Annie Lennox isn’t above a little bit of self-deprecation, but Diva glides with a rich, feminine dignity that stands tall in pop history.

Annie Lennox, DivaTo pick apart a deceptively simple album by its musical structure, Annie Lennox’s Diva opens with the simplest of chord progressions. A major fifth is sustained throughout the riff and only the descending bassline provides the tension (turning the fifth into an aroused and introspective sixth, and then resolving with a resigned seventh). That’s it. Nothing more complicated than that until the bathetically optimistic bridge. Stephen Lipson’s icy, new wave use of synthesizers—unfettered, tubular artificiality that’s poised directly between crystalline austerity and late-night Cinemax sleaziness—does very little to murk up the composition.

The song, “Why,” is hardly the sort of melodramatic setting we’d imagine from an album whose very name evokes histrionic pretense. But Lennox isn’t and has never been a representative pop diva. Her body is lanky and angular instead of curvaceously plush. Her exaggerated facial features (capped off with a most spectacular set of cheekbones that she wisely never allowed her hair to grow long enough to cover) are matched in androgen-fabulousness only by her tremulously guttural alto.

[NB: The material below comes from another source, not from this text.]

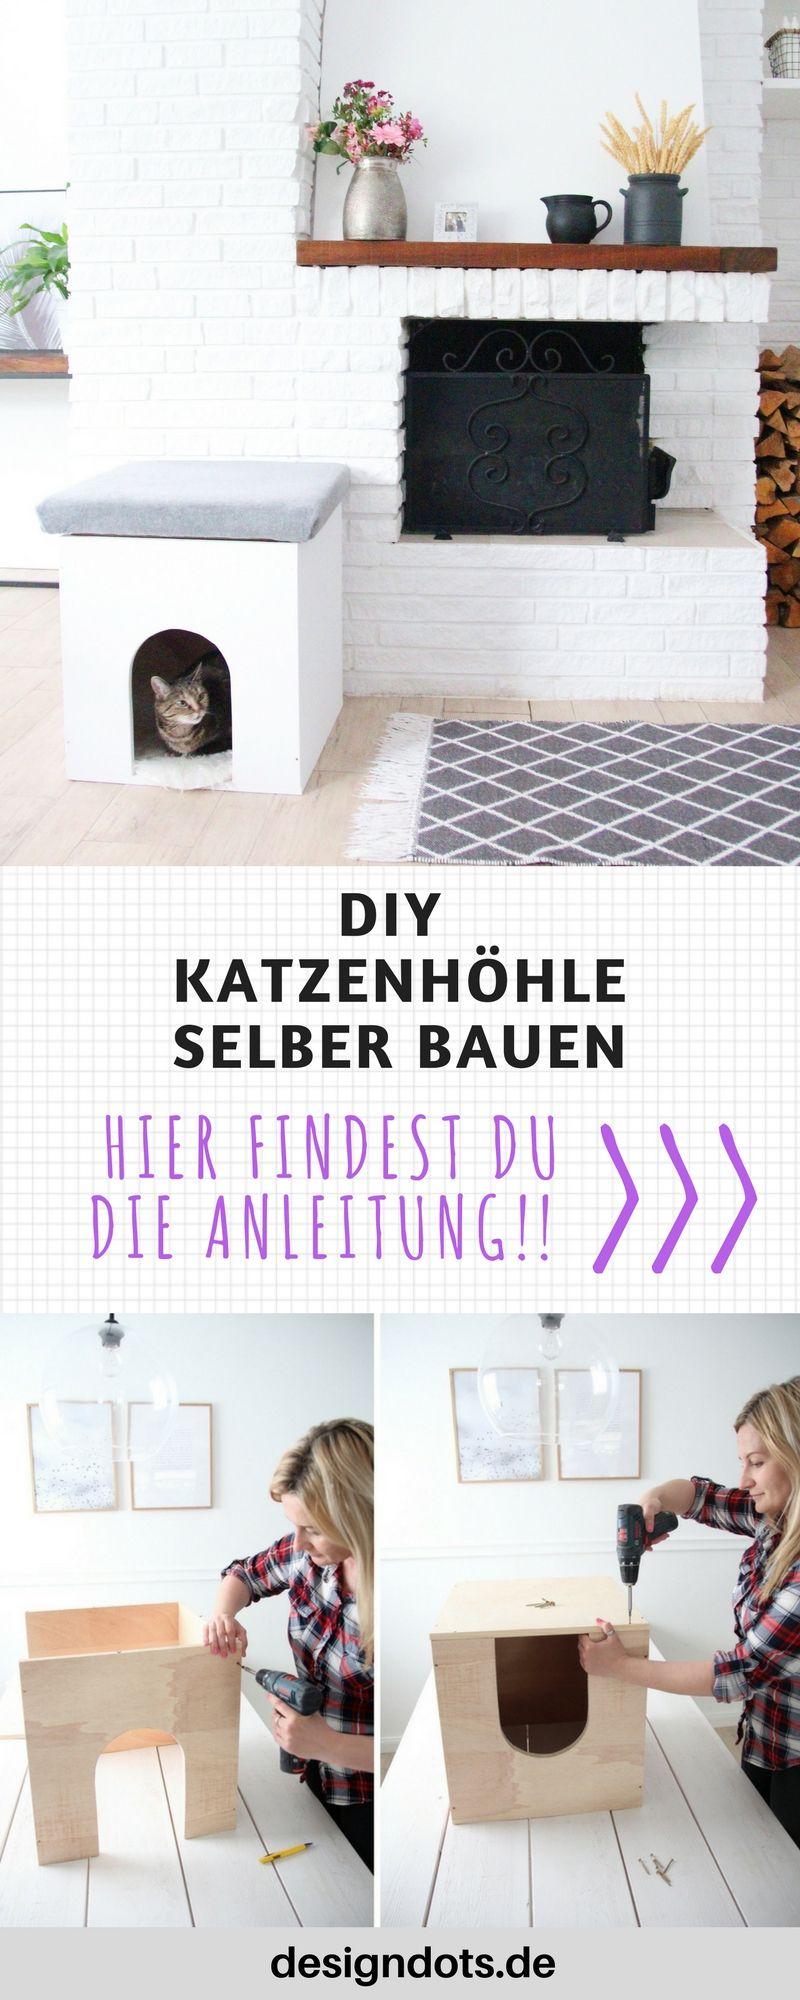 gemütliche katzenhöhle selbst bauen | design dots blog und zuhause
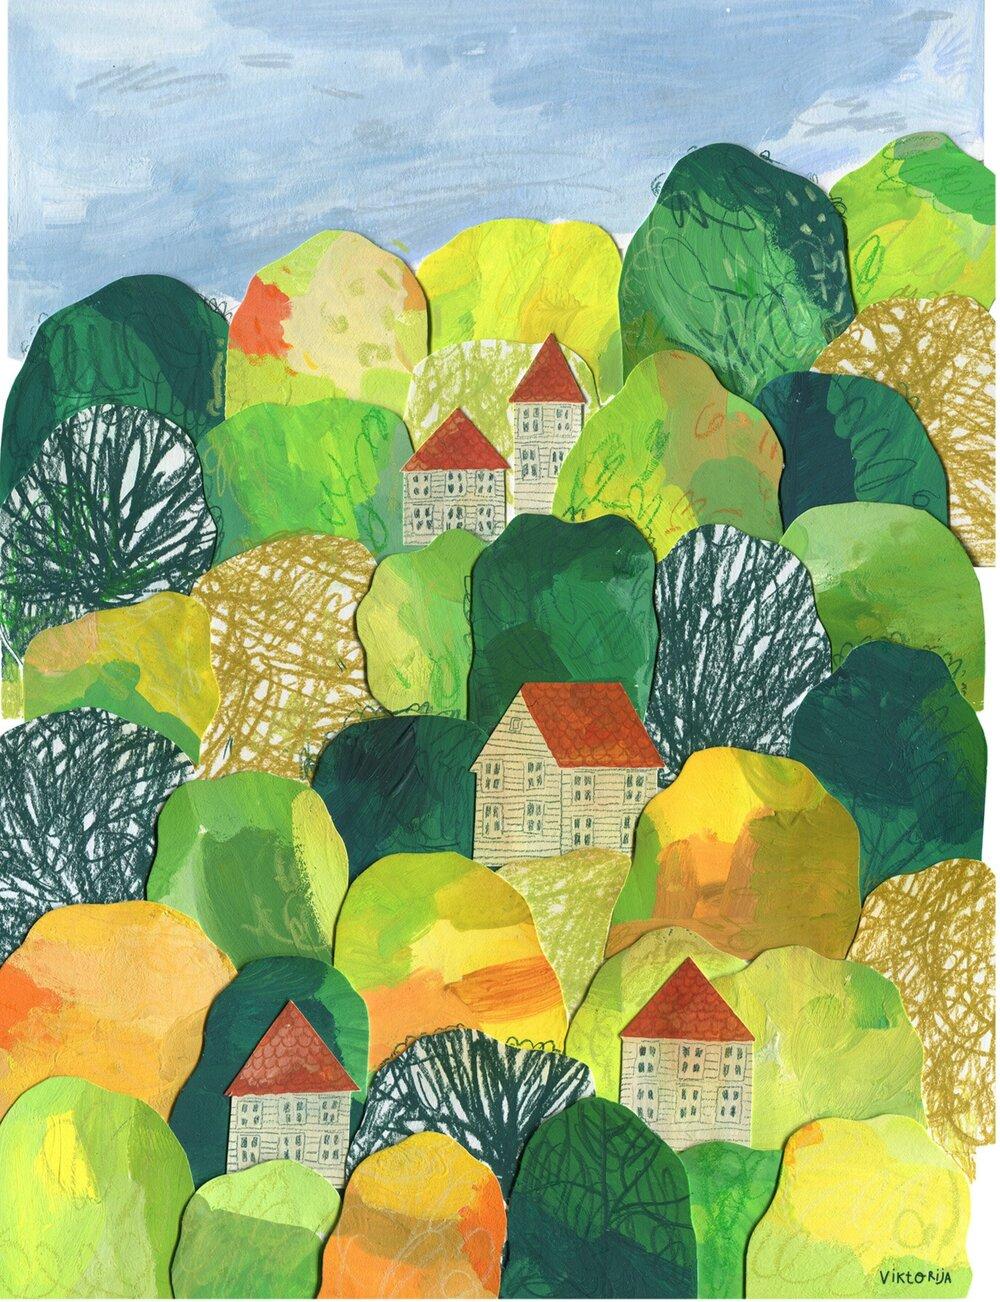 Autumn+Forest+Fl%C3%B8yen+Bergen+Print.jpg

Diva’s relative quietude is reflective of a woman in full awareness, if not complete control, of the occasional ostentation of her emotional whims. It’s musically analogous to All About Eve’s ferocious Margo Channing during those rare moments when she’s alone and contemplating the social consequences of her violent temper. It speaks exactly what she (Margo, Annie, every woman) wished she could convey, but the music underneath most of the album’s tracks is filled with the rumbling turbulence that betrays her best intentions.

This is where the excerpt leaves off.